As The Guardian pointed out, a whole bunch of rich Westerners throwing money at a product tends to push up its prices. The result is that the Bolivians who grow the stuff can no longer afford it, while farmers who grow literally anything else are being forced out of the market and into—you guessed it—poverty-ridden slums. But this madness isn’t just limited to meat substitutes. The report also notes how our insane demand for asparagus has caused Peru to become so over-farmed with the stuff that it’s literally draining the countryside dry—depleting water supplies and creating inhuman living conditions for local farmers. Then there’s “fair trade” farming, which operates as a kind of social Darwinism, allowing a small number of third-world landowners to get rich off of Western subsidies while smaller farmers get nothing. That warm, fuzzy feeling you get buying fair trade produce? That’s the combined force of 10,000 Bolivian farmers trying to kill you with willpower alone.
2 “No Kill” Animal Shelters Encourage Torture
“No kill” shelters are where you dump an unwanted pet when you’re cruel enough to throw out a puppy, but not quite cruel enough to have it sent to certain death. They’re the ultimate balm for troubled psyches—a “get out of jail free” card for dads needing to dispose of their kid’s unwanted birthday kitten while still feeling okay with themselves. And they’re about a zillion times crueler than their murderous counterparts.
Let’s start with the basics. If you have a shelter committed to a “no kill” policy, that means the animals have to be rehoused. If you can’t rehouse them, it means you have to keep them. And if more animals that you can’t rehouse keep on coming in, it leads you down a very dark path. PETA reports hundreds of shelters where animals are crowded together in conditions that would make a battery hen shudder: crammed into cages, living in piles of feces, and suffering diseases so awful that killing them would be a mercy. The alternative some of these shelters have is to turn away animals they can’t rehouse. Unfortunately, this usually means the owner dumps them on a roadside, leaving them to starve, or flat out kills them in whatever way they see fit. So while we may shudder at the idea of a shelter putting down its inhabitants, the alternative is one heck of a lot grimmer.
1 Adoption Encourages Human Trafficking
At first glance, international adoption seems like a good thing. Western parents get a kid to raise, and said kid gets taken out of their third-world orphanage and into a world of comfort. Win-win, right? Yep, especially if you happen to be a human trafficker.

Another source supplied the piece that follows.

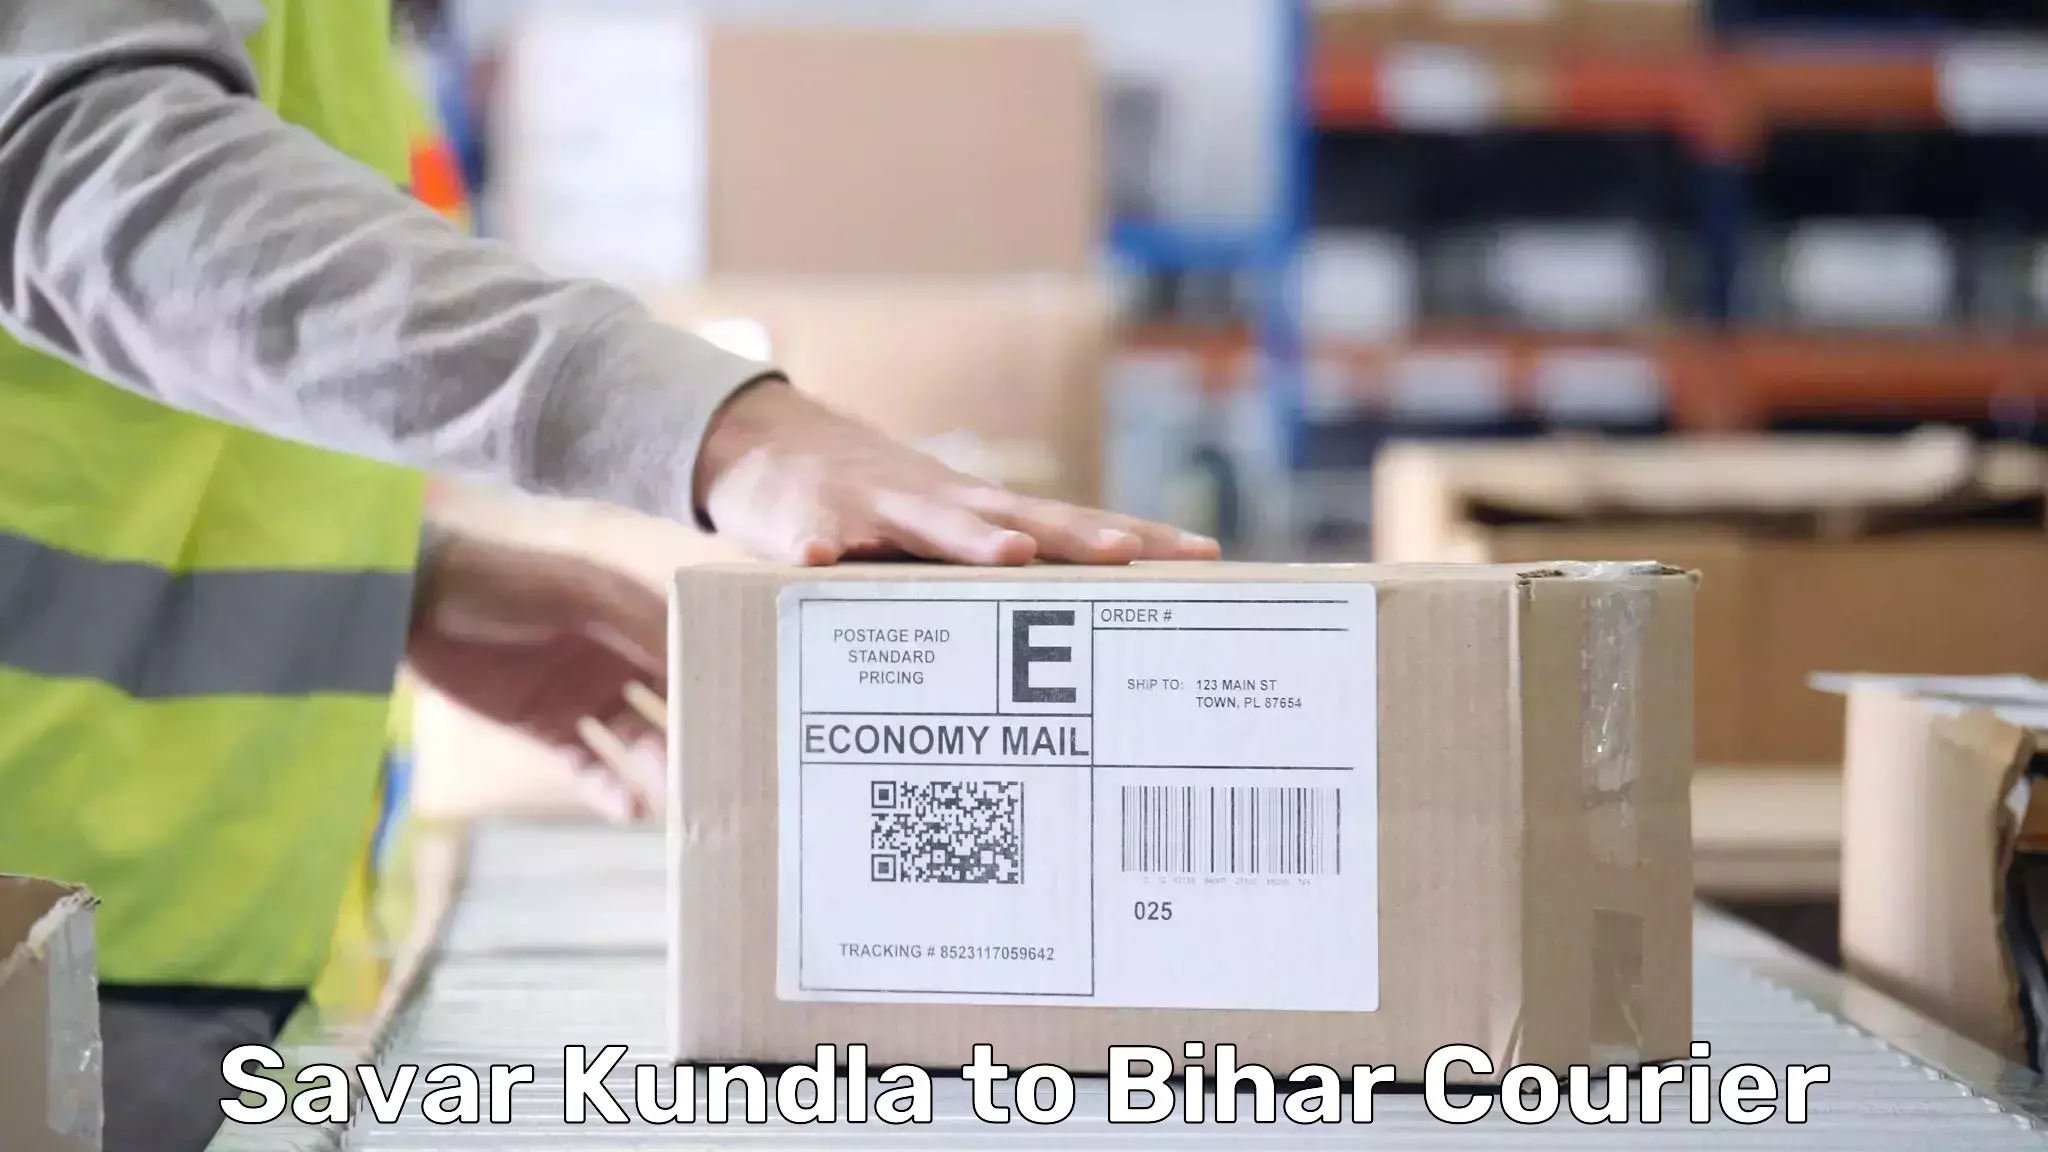 Baggage delivery solutions Savar Kundla to Jiwdhara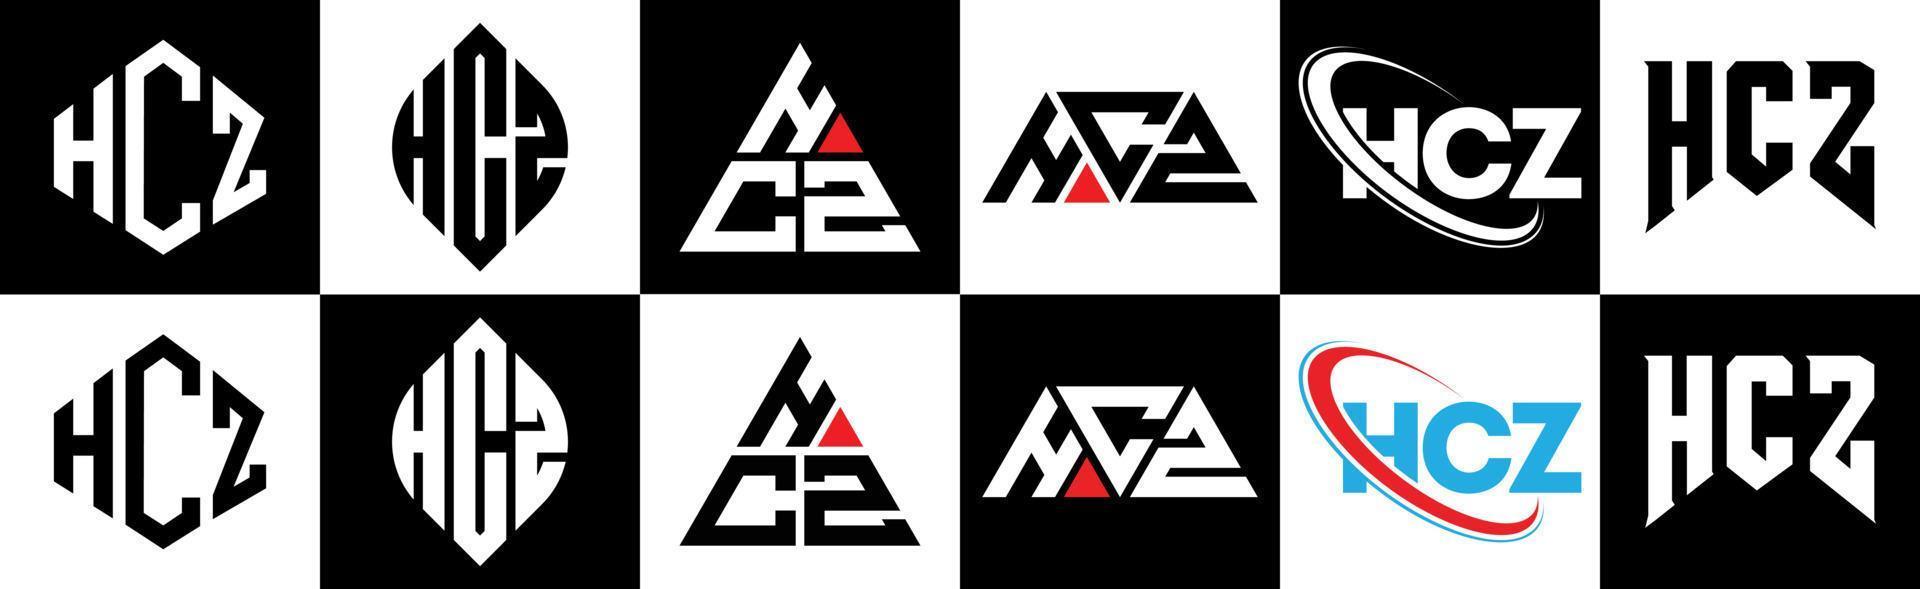 création de logo de lettre hcz en six styles. hcz polygone, cercle, triangle, hexagone, style plat et simple avec logo de lettre de variation de couleur noir et blanc dans un plan de travail. hcz logo minimaliste et classique vecteur

It all comes down to supply and demand. Right now, there’s a demand in our culture for third-world orphans—with the result that a horrifying supply chain has grown up to cater to our needs. In Ghana, a 2009 raid on orphanages found that over 90 percent of the children had at least one living parent. In 2007, a French charity called Zoe’s Ark was stopped while attempting to fly 103 “Sudanese war refugees” out of Chad—only for authorities to discover that none of them were Sudanese, none were war refugees, and nearly all of them had been forcibly taken from their parents.
Meanwhile, a whole Ethiopian industry has been created for kidnapping children, smuggling them over borders, and selling them to adoptive parents as foundlings. In short, this isn’t regular corruption, this is human trafficking on an industrial scale—with kids being torn from their families, sold to tourist-oriented orphanages, and denied a proper life—all thanks to our altruistic need to be seen doing “good.”